Воображаемый монстр полз за стеной — страшный, без рук, без ног, он полз, цепляясь зубами и скользя на своей шкуре. Но еще лучше было изображение страшного платья в мамином стенном шкафу — платье ожило и пыталось сползти с вешалки. У платья была одна нога — босая нога, — вылезающая из-под подола, и ладонь, одна только ладонь с запястьем, высовывающаяся из рукава. Но страшнее всего — контуры единственной груди, словно подпирающей платье изнутри, словно внутри платья образовывалась женщина (или только некоторые ее части).
В книге не было ни одного рисунка, который успокоил бы читателя изображением настоящей мыши, крадущейся за стеной. На последней иллюстрации был изображен младший из мальчиков, который лежит без сна в кровати, испуганный приближающимся звуком. Своей маленькой ручкой мальчик ударяет по стене, чтобы испугать мышь. Но мышь не только ничуть не пугается и не удирает прочь: она непропорционально огромна. Она не только больше двух мальчиков вместе, она больше изголовья кровати, больше самой кровати вместе с изголовьем.
А любимую свою книжку Теда Коула Эдди вытащил из сумки и перечитал еще раз, прежде чем паром причалил к пристани. Сюжет «Двери в полу» никогда не был любимой историей Рут; отец эту историю ей не рассказывал, а прочесть ее сама она смогла лишь через несколько лет. Она ее возненавидела.
В книге была изящная, хотя и довольно откровенная иллюстрация, изображающая нерожденного ребенка в чреве матери. «Жил да был один маленький мальчик, который не знал, хочет ли он рождаться, — начиналась книга. — Его мама тоже не знала, хочет ли она, чтобы он рождался.
И все это потому, что жили они в лесной хижине на острове посреди озера и вокруг больше никого не было. А в хижине была дверь в полу.

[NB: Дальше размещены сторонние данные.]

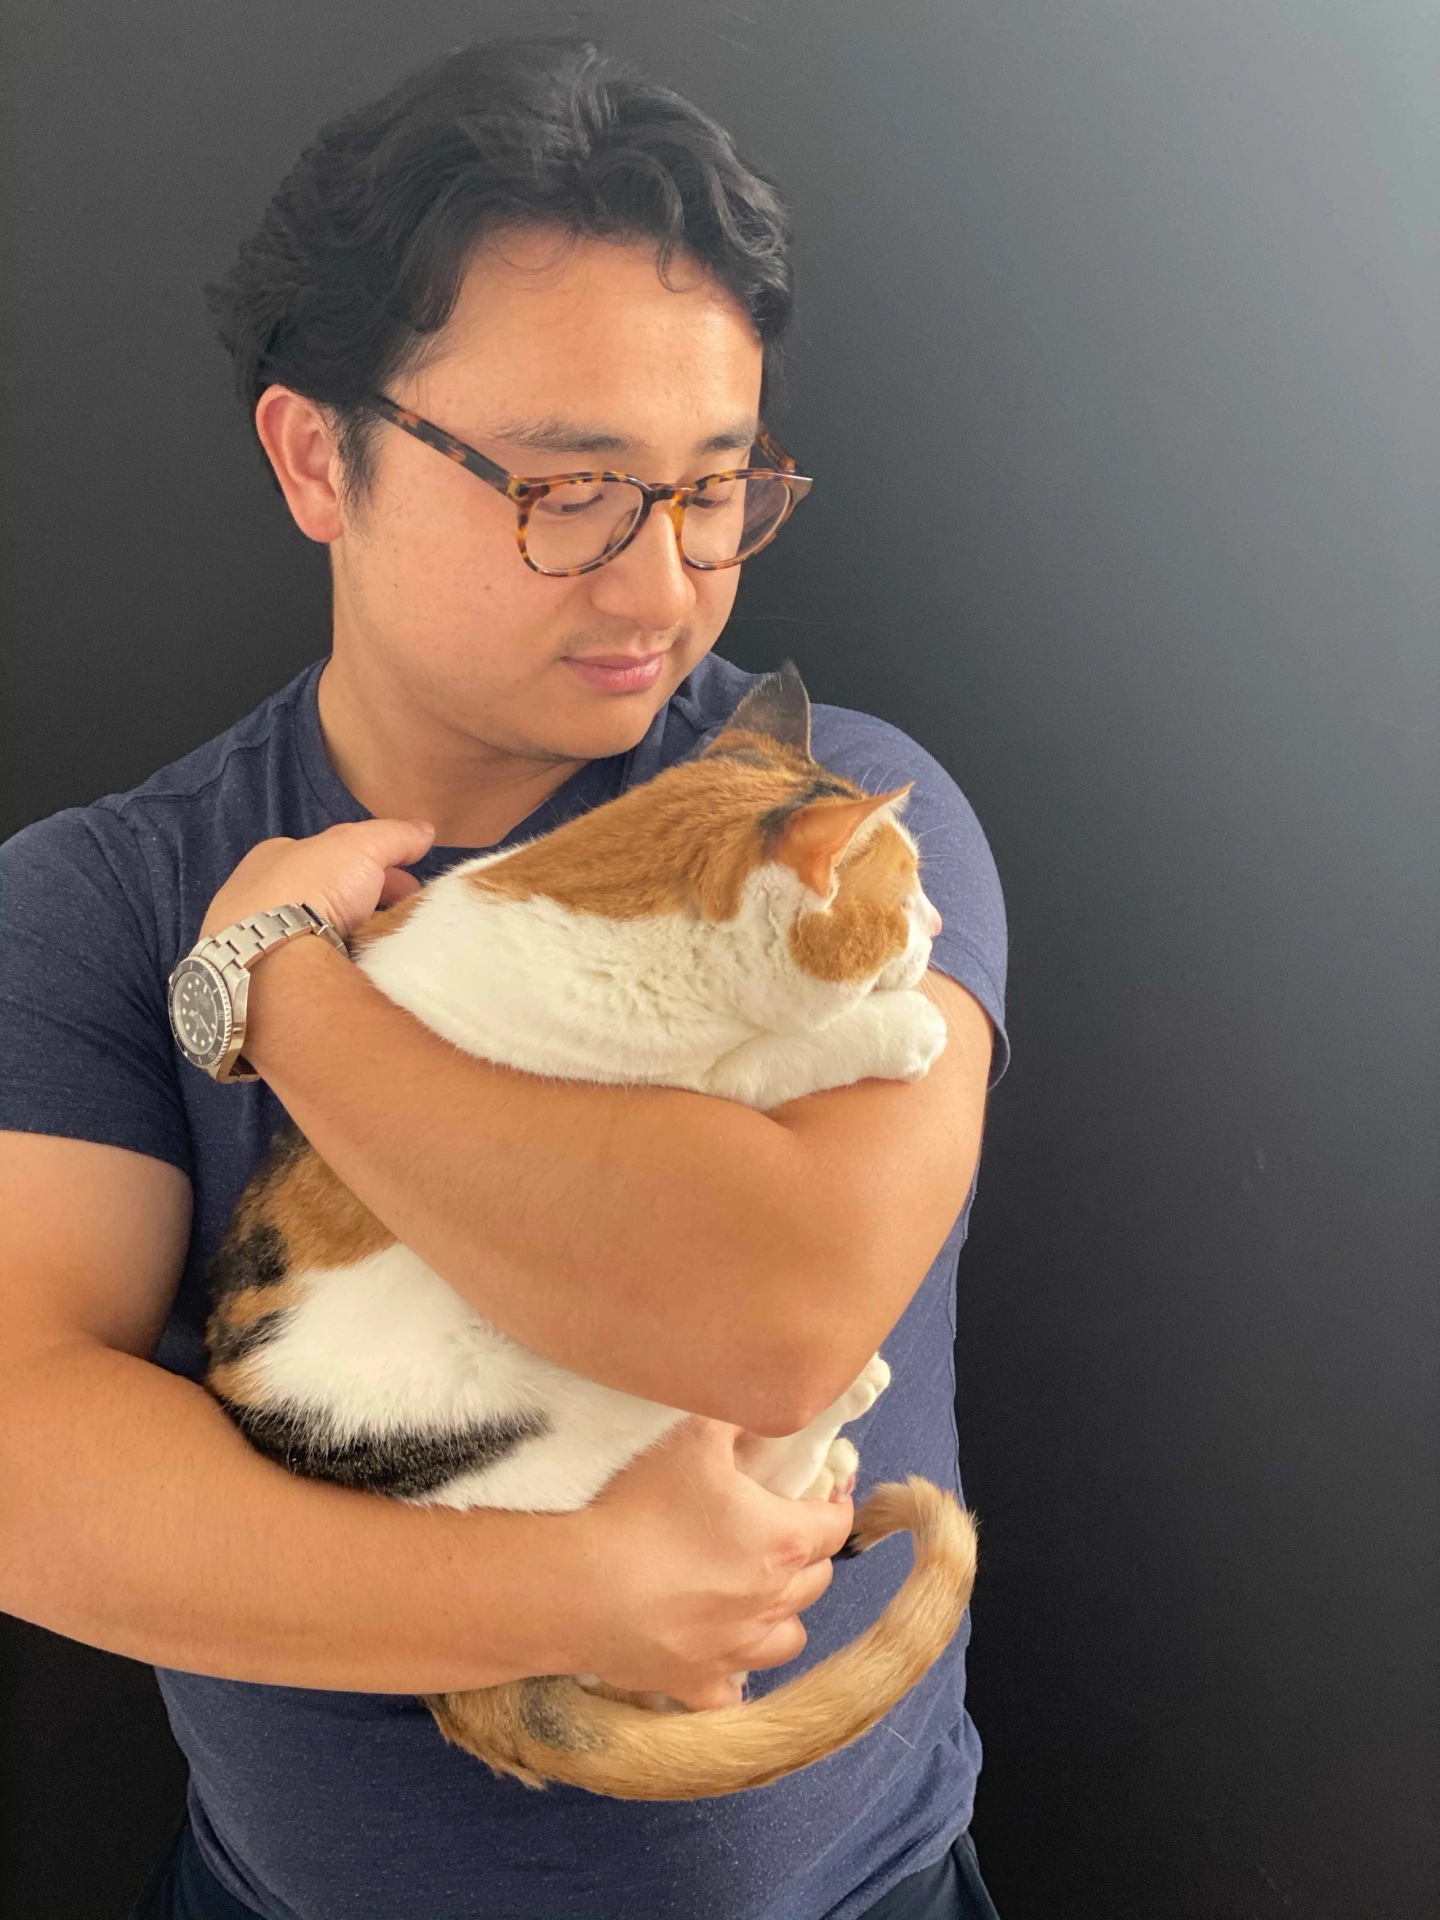 Cat Person co-founder Lambert gently gazes at a foster cat that he is holding in his arms

И маленький мальчик боялся того, что может находиться под этой дверью в полу, и его мама тоже боялась. Когда-то, задолго до этого, другие дети приходили в эту хижину на Рождество, но потом они открыли дверь в полу и исчезли в дыре внизу, а вместе с ними исчезли и все их подарки.
Как-то раз мама попыталась поискать детей, но когда она открыла дверь в полу, то услышала такой жуткий звук, что волосы у нее сразу же побелели и стали как волосы призрака. И еще она почувствовала такой ужасный запах, что кожа у нее стала морщинистая, как резина. После этого кожа у мамы разгладилась, а волосы снова стали как прежде только через год. И еще, когда мама открыла дверь в полу, она увидела там такие ужасы, что больше ни за что не хотела видеть их снова; например, там было что-то вроде змеи, которая может так сжиматься, что пролезет хоть через щель между полом и дверью (даже когда дверь закрыта), а потом — так увеличиваться в размерах, что может унести всю хижину у себя на спине, словно змея — это гигантская улитка, а хижина — раковина». (От этой иллюстрации Эдди О'Хара нередко мучили кошмары, и не в те дни, когда Эдди был младенцем, а когда ему уже исполнилось шестнадцать!)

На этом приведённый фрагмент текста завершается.